人雄激素受體基因位于X染色體q12上，包括超過8個外顯子，編碼919個氨基酸，分子量110kDa，AR蛋白屬于核受體超家族，包括DNA結合區(qū)(DBD)、配體結合區(qū)(LBD)、N端區(qū)(NTD)和鉸鏈區(qū)(H)。NTD含有轉錄激活功能為AF-1，包括2個轉錄激活單元(TAU)：TAU-1和TAU-5，調節(jié)著AR活性；LBD含有類似于AF-1轉錄激活功能稱為AF-2；DBD含有2個鋅指結構，其中一個參與雄激素反應元件結合，一個參與AR形成二聚體；DBD和H與雄激素受體的核定位有關[2，3]。

在經典AR信號通路中，AR結合雄激素后，通過調節(jié)相關靶基因表達，參與細胞的生命活動。

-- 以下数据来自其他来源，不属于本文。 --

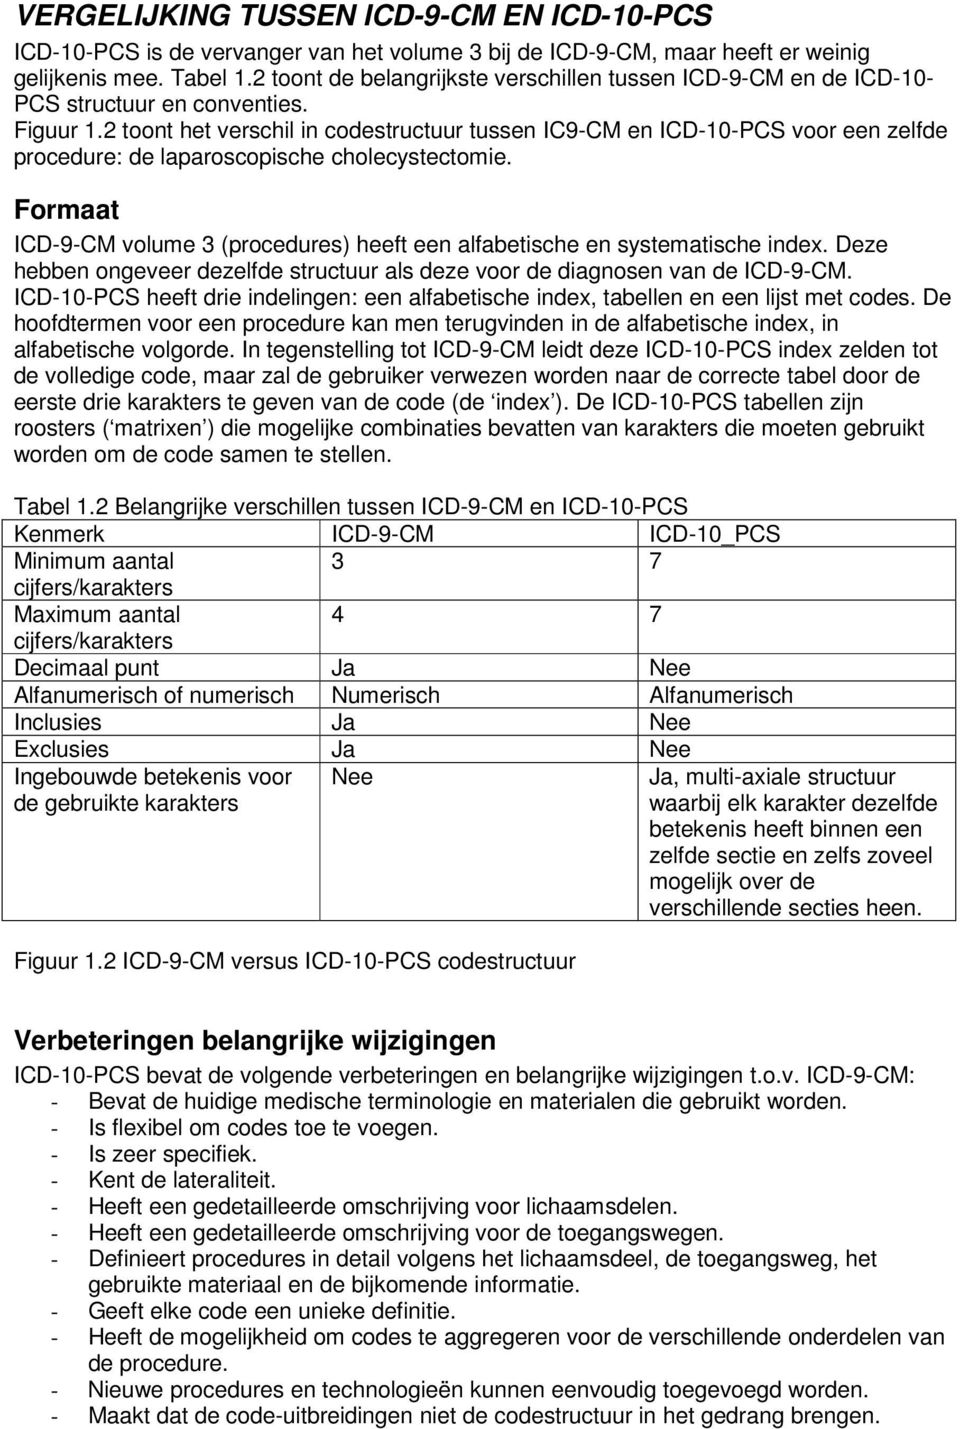 2 toont het verschil in codestructuur tussen IC9-CM en ICD-10-PCS voor een zelfde procedure: de laparoscopische cholecystectomie.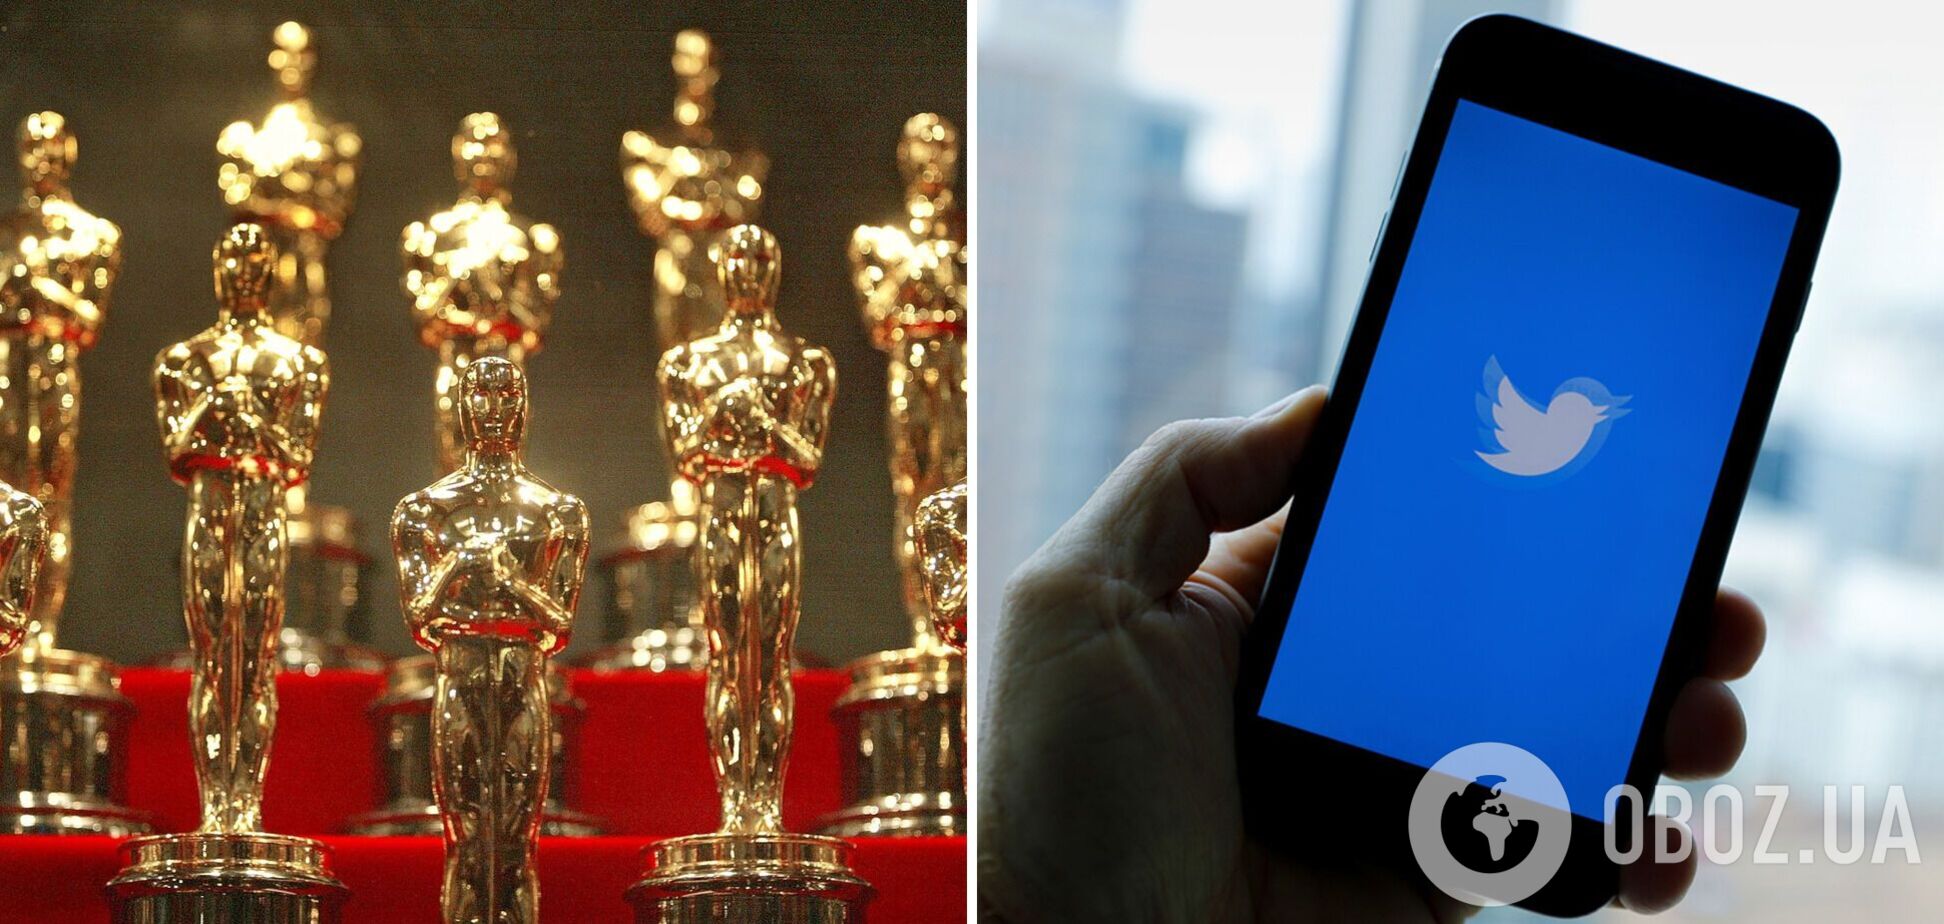 'Оскар' проведет специальное голосование через Twitter

而在CRPC中AR信號通路可不通過雄激素而激活，信號通路中各環(huán)節(jié)受到諸多因子調節(jié)，其AR自身也會發(fā)生異常變化，導致AR信號通路激活呈現(xiàn)多樣化，共同促進CRPC進展。

二、雄激素受體自身改變

這些主要包括雄激素受體突變、雄激素受體基因擴增或過表達、雄激素受體剪切異構體形成。在前列腺癌中，至今已發(fā)現(xiàn)159種AR突變，包括單堿基置換、堿基缺失或插入、終子密碼提前4種類型突變，其中單堿基置換幾乎占據全部突變類型[4]。AR突變率在前列腺癌中約為 10%～40%，其中 T877A、H874Y、W741C、L701H和V715M等位點突變可導致AR自身活性升高或被抗雄激素藥物、皮質醇激素激活，而G142V、M523V、G524D、M537V位點突變AR即使在無配體激活情況下仍存在活性[5-9]。

在CRPC中AR基因擴增或過表達是最常見的AR信號通路再活化機制，AR基因擴增可以看作是ADT后的特異性改變，AR基因擴增可增加AR綁定到染色質的量、增加其對雄激素的敏感性[10]。目前研究顯示，AR在CRPC患者中表達較ADPC患者中高，且在轉移性CRPC中AR則更高，近80%CRPC患者AR基因拷貝數(shù)增加[11-13]。另外CRPC中過表達AR與多種機制有關，可能與調節(jié)AR表達相關miRNA、轉錄因子、轉錄共調節(jié)子、AR基因3端或5端非編碼區(qū)、AR核心啟動子突變及AR轉錄后調控有關[14，15]。

在上述AR自身改變外，目前還在CRPC發(fā)現(xiàn)大量AR剪切異構體 (androgen receptor splicing variants,AR-Vs)，而在正常前列腺組織則沒發(fā)現(xiàn)此類剪切異構體，這些剪切異構體結構中主要是編碼DBD序列上游插入了功能尚不清楚的外顯子或者缺失相應外顯子編碼的LBD，造成AR開放閱讀框被破壞或缺失正常AR的LBD功能[16，17]。AR剪切異構體在CRPC中較ADPC增高，與臨床或生化無進展生存期相關，被看作對ADT或者雄激素受體阻斷劑適應性反應，因此AR剪切異構體可作為腫瘤耐藥的指標，尤其是在缺乏LBD雄激素剪切異構體中,目前發(fā)現(xiàn)AR剪切異構體約14種，由于缺乏針對不同AR剪切異構體的特異性抗體，對其研究有一定難度；AR剪切異構體在不同細胞和組織的表達、功能不甚明確，其功能存在爭論，因此需要設計針對這些異構體N端和C端特異抗體在體內外研究其功能[6,18,19]。

三、腫瘤局部雄激素濃度維持

在CRPC中腫瘤局部雄激素來源主要通過類固醇代謝轉化，眾所周知雄激素合成分為經典通路(classic pathway)、從頭合成通路(de novo pathway)、后門通路(back door pathway)或替代通路(alternative pathway)。 在正常前列腺和早期前列腺癌中經典通路作為雄激素主要合成途徑，CRPC中因去勢治療阻斷了經典通路，其他途徑則成為了主要的雄激素合成途徑。在后門通路或替代通路中孕酮通過一系列步驟產生5α-雄烷二酮或二氫雄酮，使之不經過T最終生成DHT。在CRPC中，雄激素合成信號通路之間也存在相互轉換的關系，如17β-二醇和5α-雄烷 -3α可以通過 3β-羥基類固醇脫氫酶轉化為DHT，也可通過17β-羥基類固醇脫氫酶轉化為雄酮[20，21]。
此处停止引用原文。